# TASK INSTRUCTIONS
Would you output the listing exactly, with every image omitted?

# RAW DATA
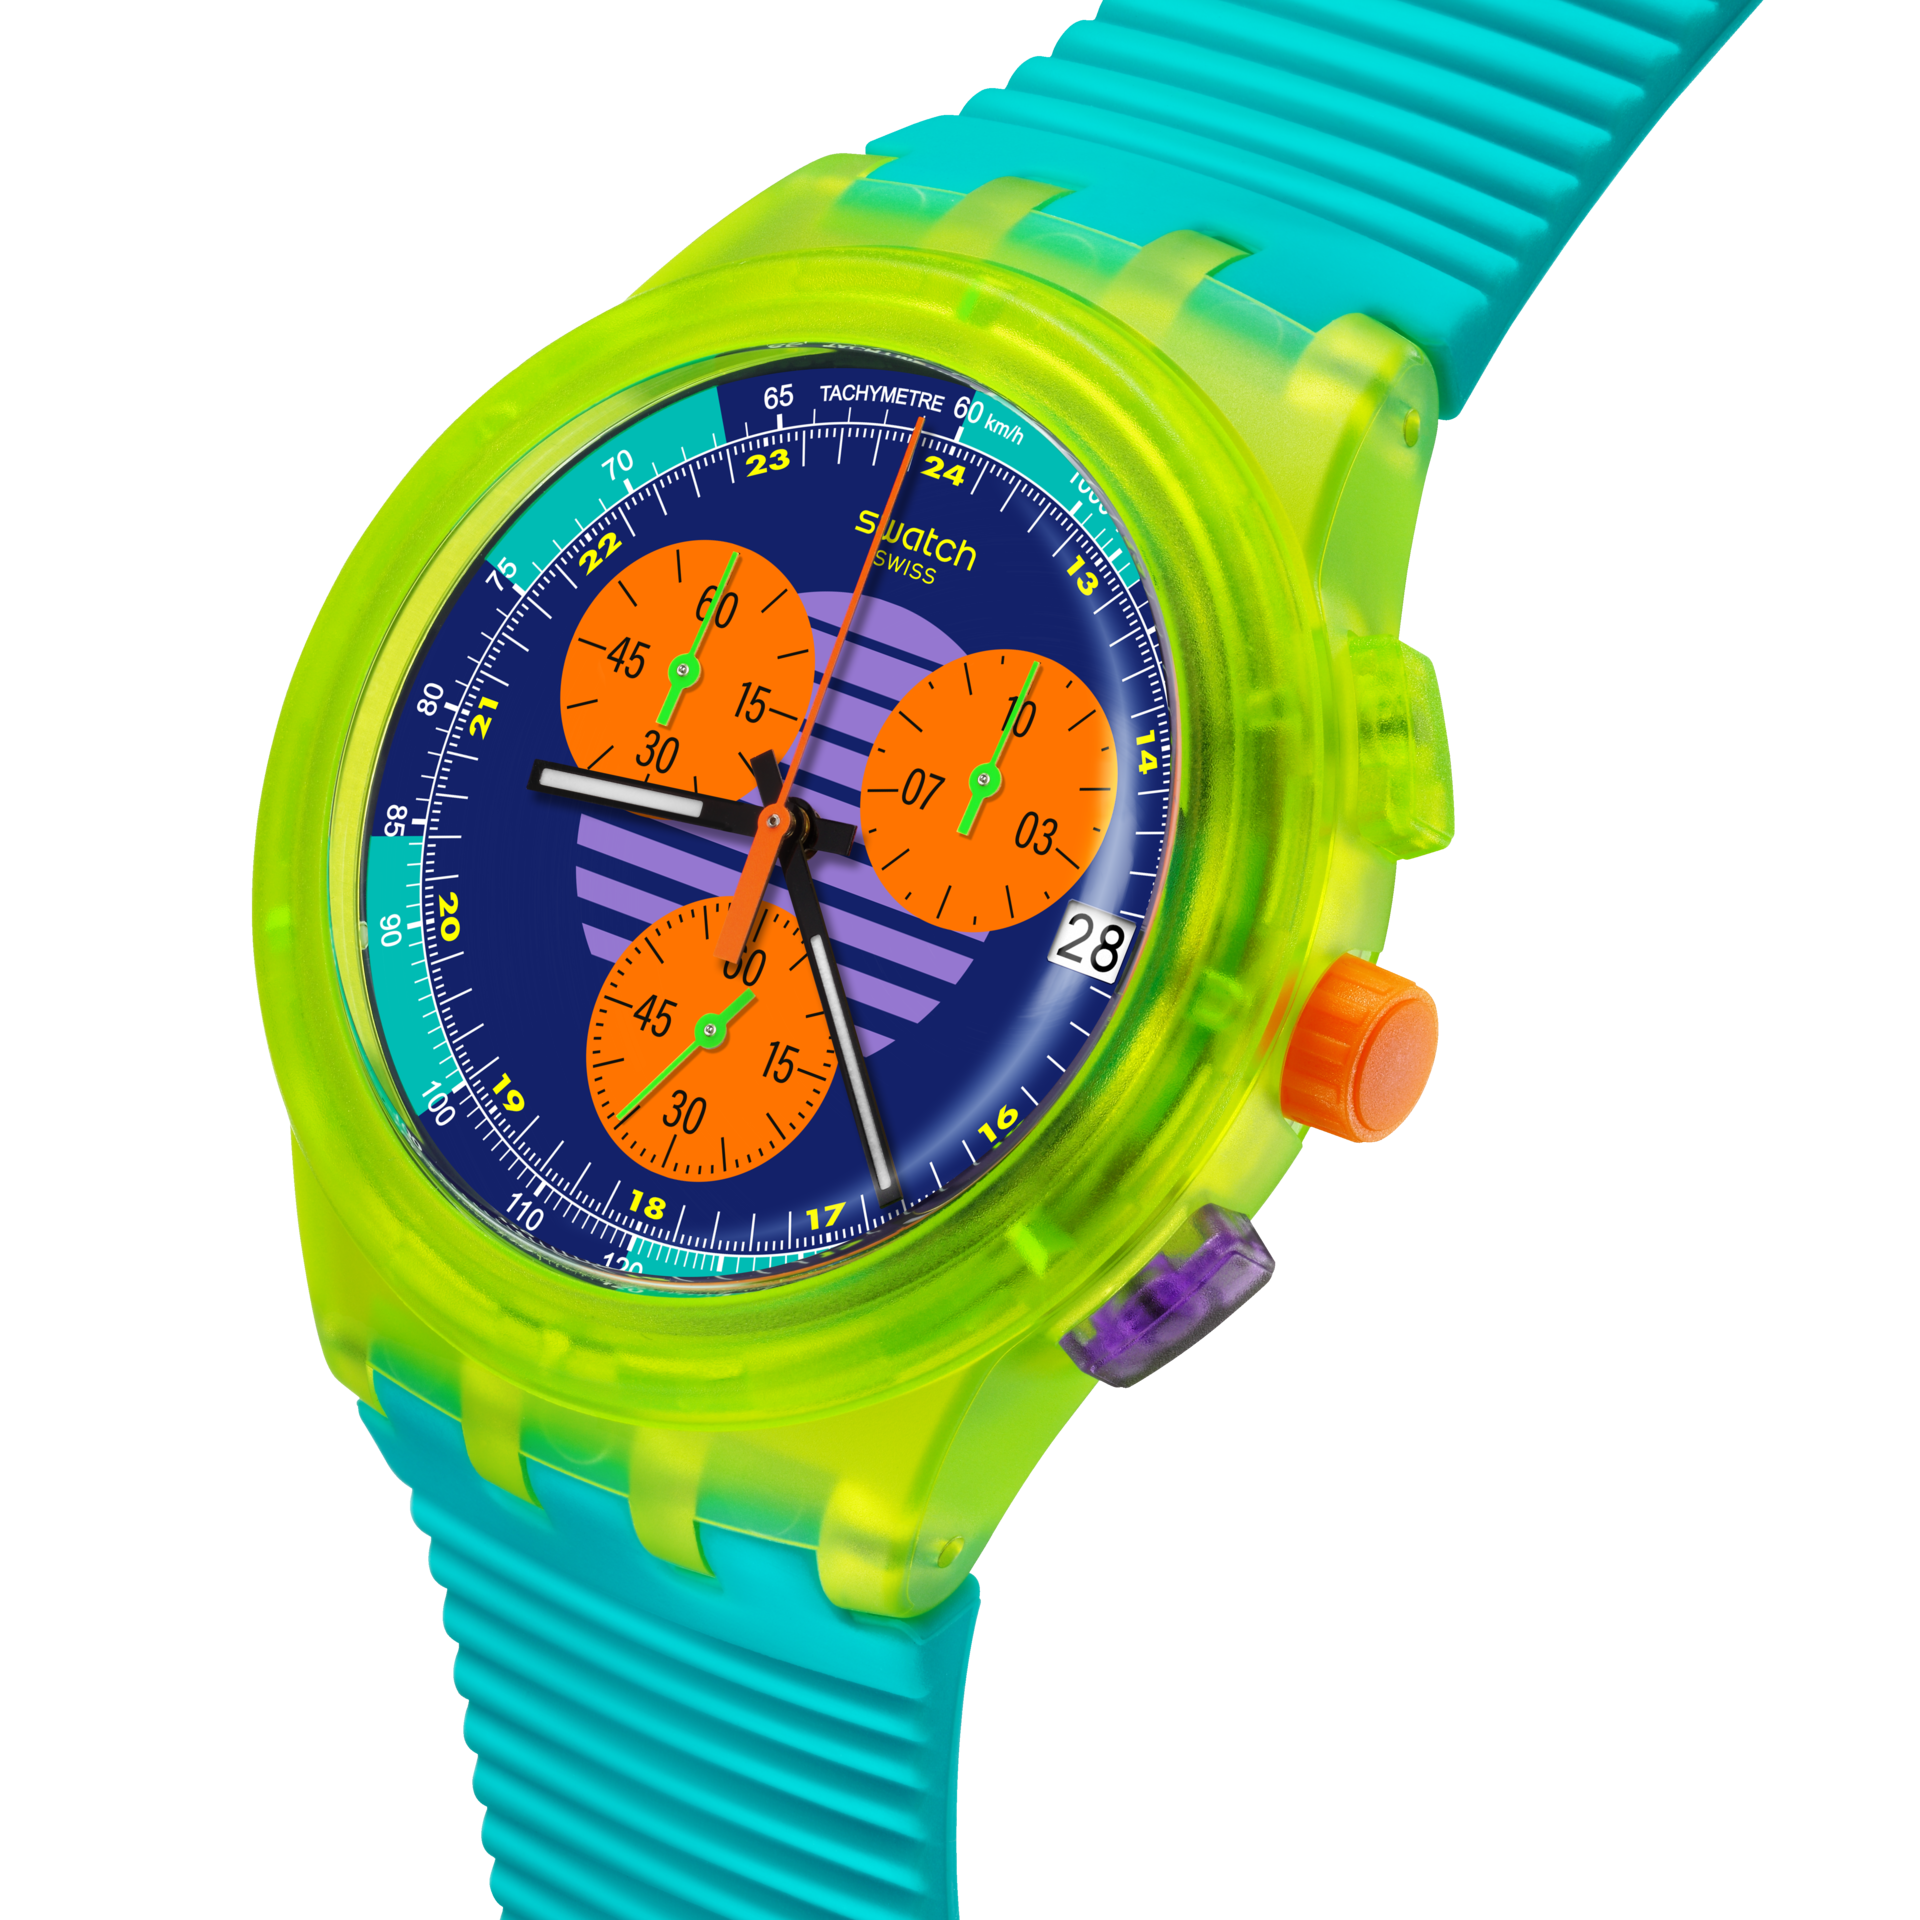 SWATCH NEON SWATCH NEON WAVE-2
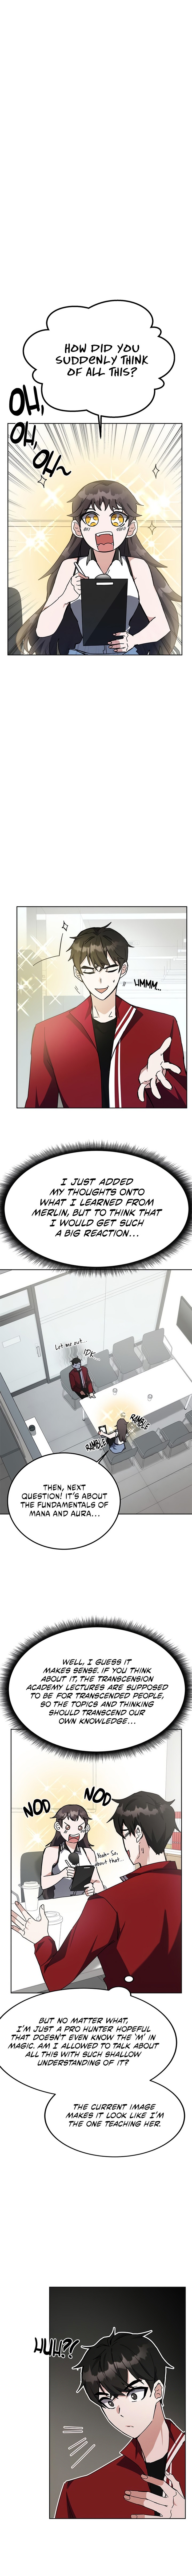 Transcension Academy Chapter 26 Page 1
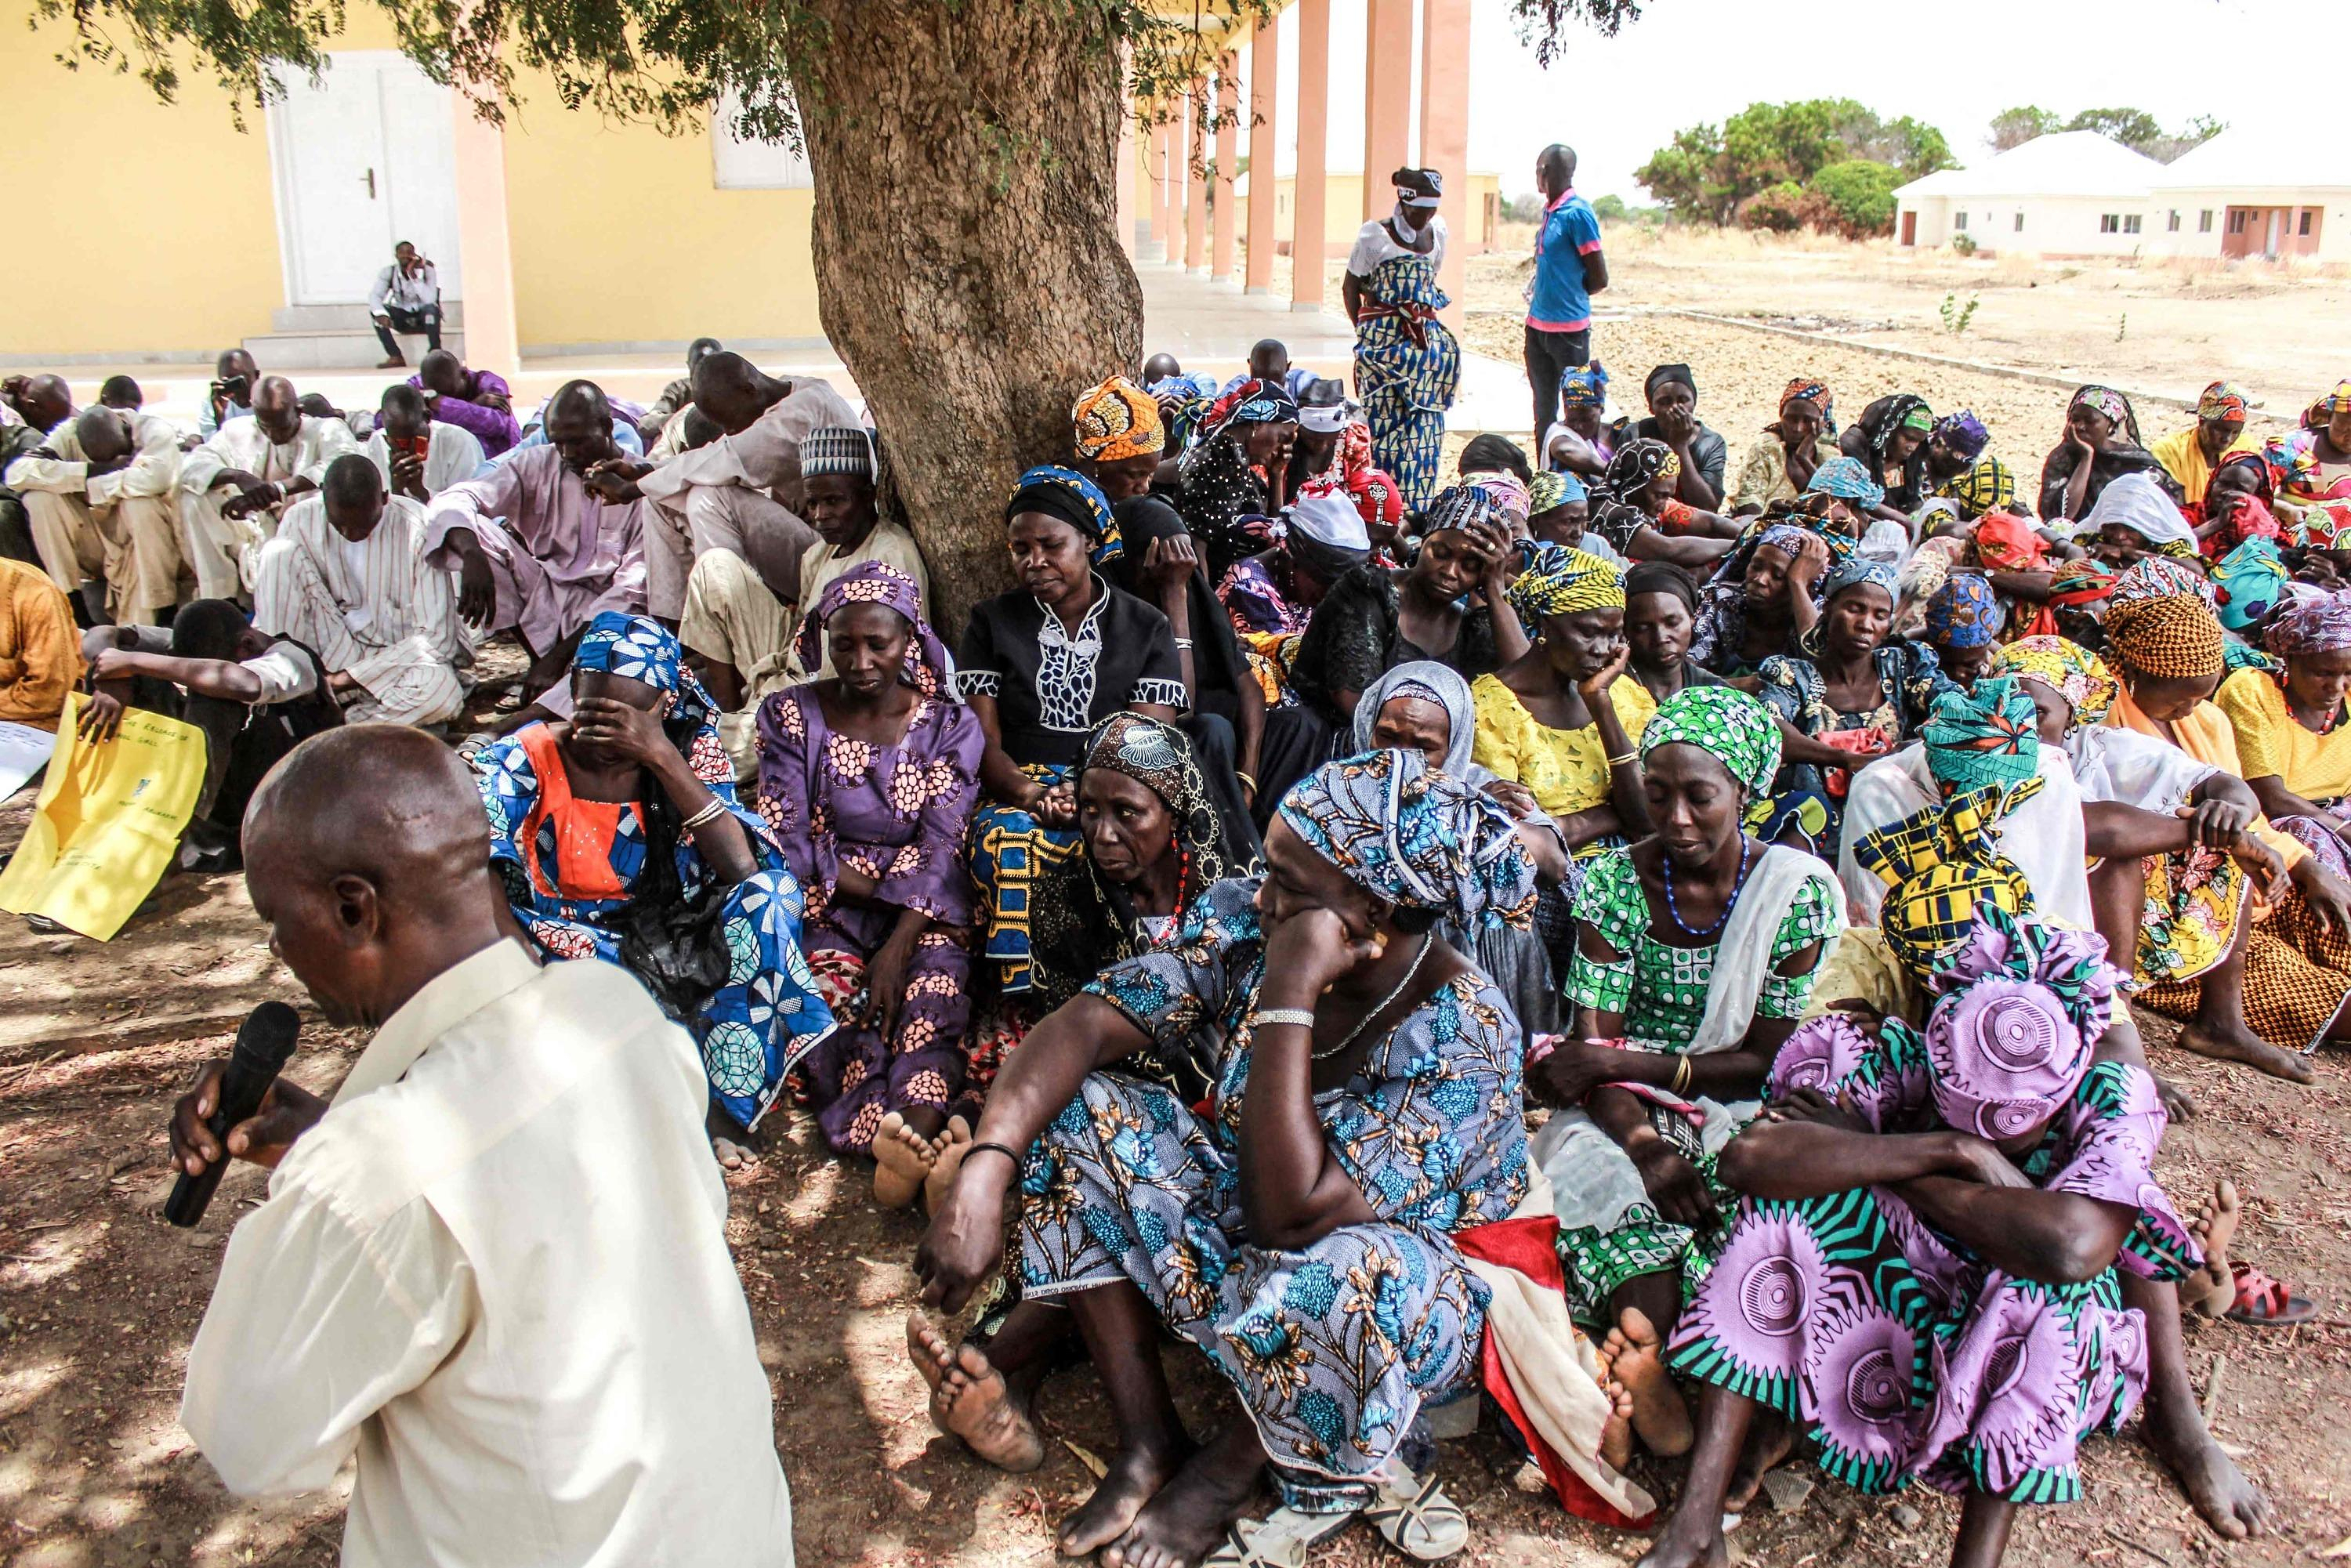 Nigeria: between stigmatization and rejection, the difficult daily life of ex-hostages rescued from Boko Haram
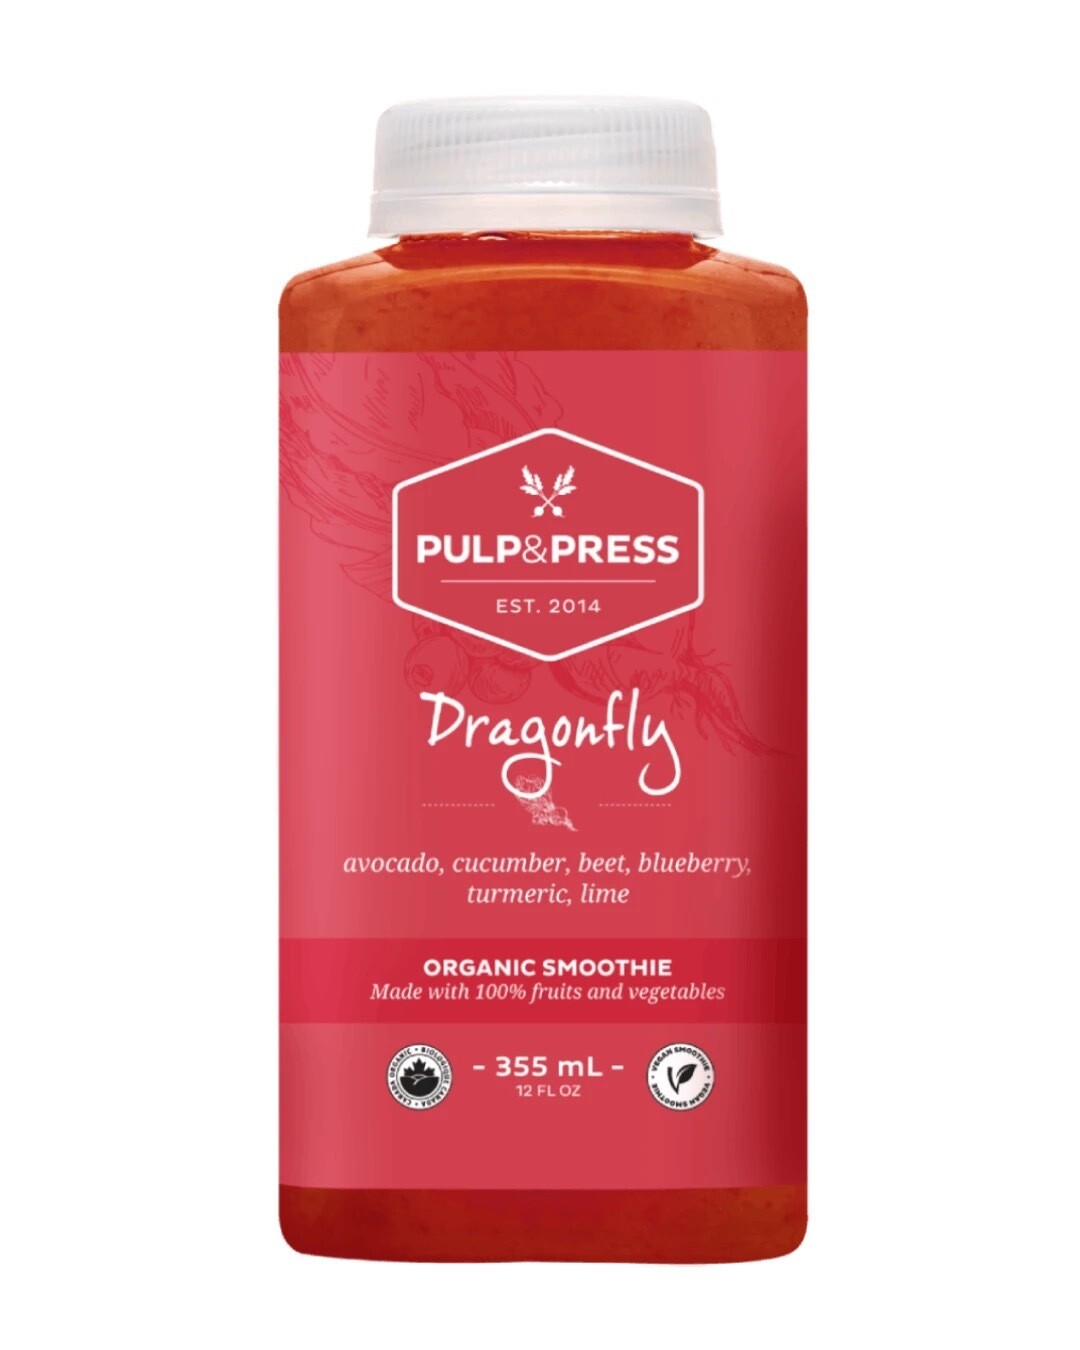 Pulp & Press - Dragonfly Smoothie 355ml

# PROBLEM SOLUTION
 SWATCH NEON SWATCH NEON WAVE-2
 Transcension Academy Chapter 26 Page 1
 Nigeria: between stigmatization and rejection, the difficult daily life of ex-hostages rescued from Boko Haram
 Pulp & Press - Dragonfly Smoothie 355ml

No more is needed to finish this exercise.